Outre ce qui précède, il suffit de rappeler au Premier ministre, qui se réfère fréquemment aux décisions de la Cour constitutionnelle arménienne, que la partie arménienne n'a pas renoncé aux revendications de la soi-disant « Arménie occidentale » dès janvier 2010, lorsque la Cour constitutionnelle a justifié en détail la conformité des protocoles de normalisation des relations avec la Turquie avec la Constitution arménienne. La même logique et la même approche ont été appliquées par la Cour dans sa décision du 26 septembre 2024 concernant la conformité des règlements des commissions de délimitation des frontières entre l'Azerbaïdjan et l'Arménie avec la Constitution arménienne. Notamment, la qualification du préambule, et par extension de la Déclaration d'indépendance dans la décision de la Cour, de « principes fondamentaux de l'État arménien », les qualifiant de dispositions immuables, démontre l'ampleur de la menace que représentent les revendications de l'Arménie sur les territoires azerbaïdjanais.

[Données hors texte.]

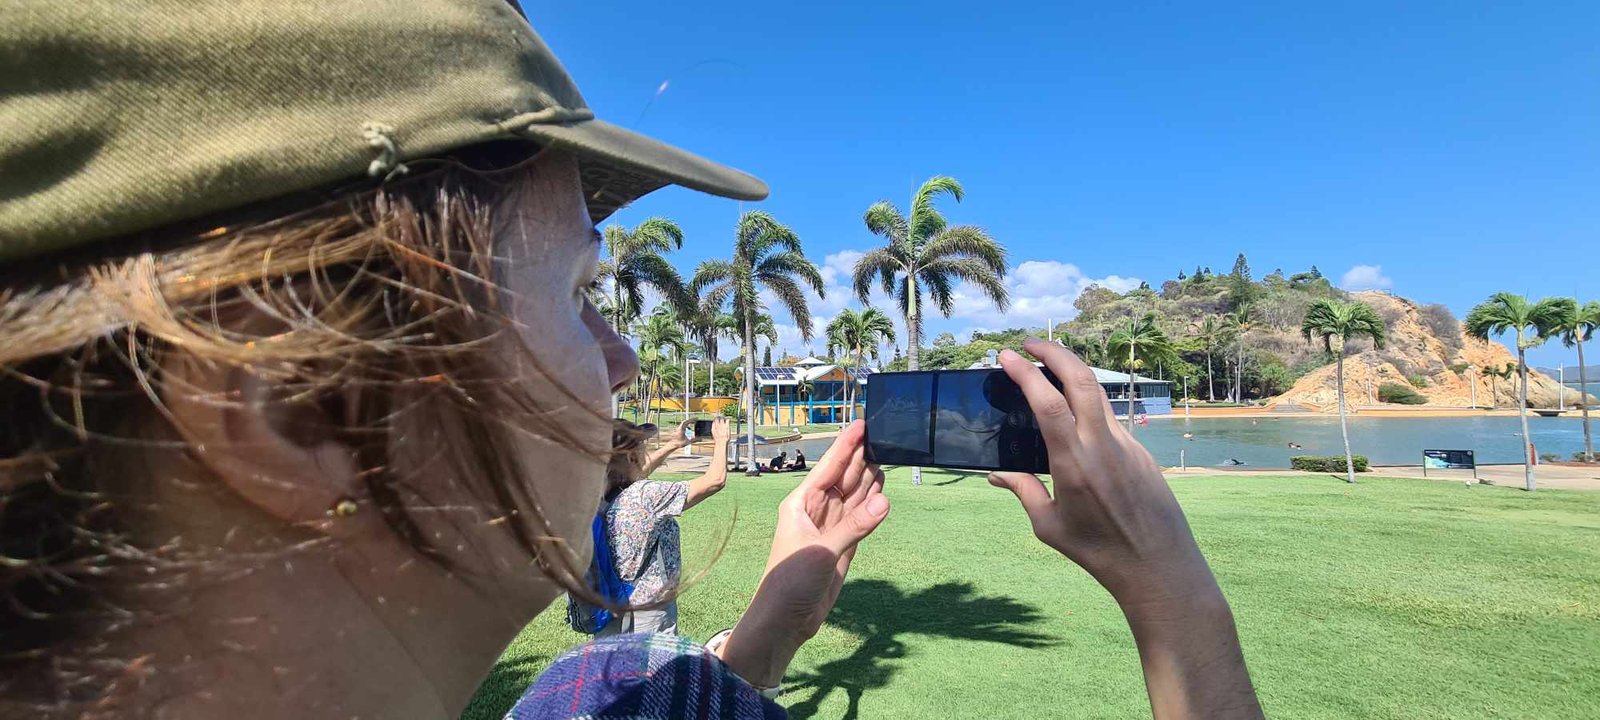 phone photography workshop Townsville

La logique du Premier ministre arménien, qui suggère d'ignorer ces questions, indique que l'Arménie n'est pas intéressée par une paix durable et ne cherche qu'à maintenir cette situation comme une option de repli en vue d'une future agression contre l'Azerbaïdjan. De plus, les tentatives de l'Arménie de s'opposer à la dissolution officielle du Groupe de Minsk, vestige du conflit passé, et ses efforts pour lier le processus à un accord de paix démontrent l'existence d'un agenda caché contre l'Azerbaïdjan.

Tout cela prouve une fois de plus que la modification de la Constitution arménienne, qui constitue une menace directe pour la sécurité nationale de l'Azerbaïdjan, est une condition fondamentale de la paix, et exiger cette modification est un droit légitime de l'Azerbaïdjan », lit-on dans le commentaire du porte-parole Hadjizadé.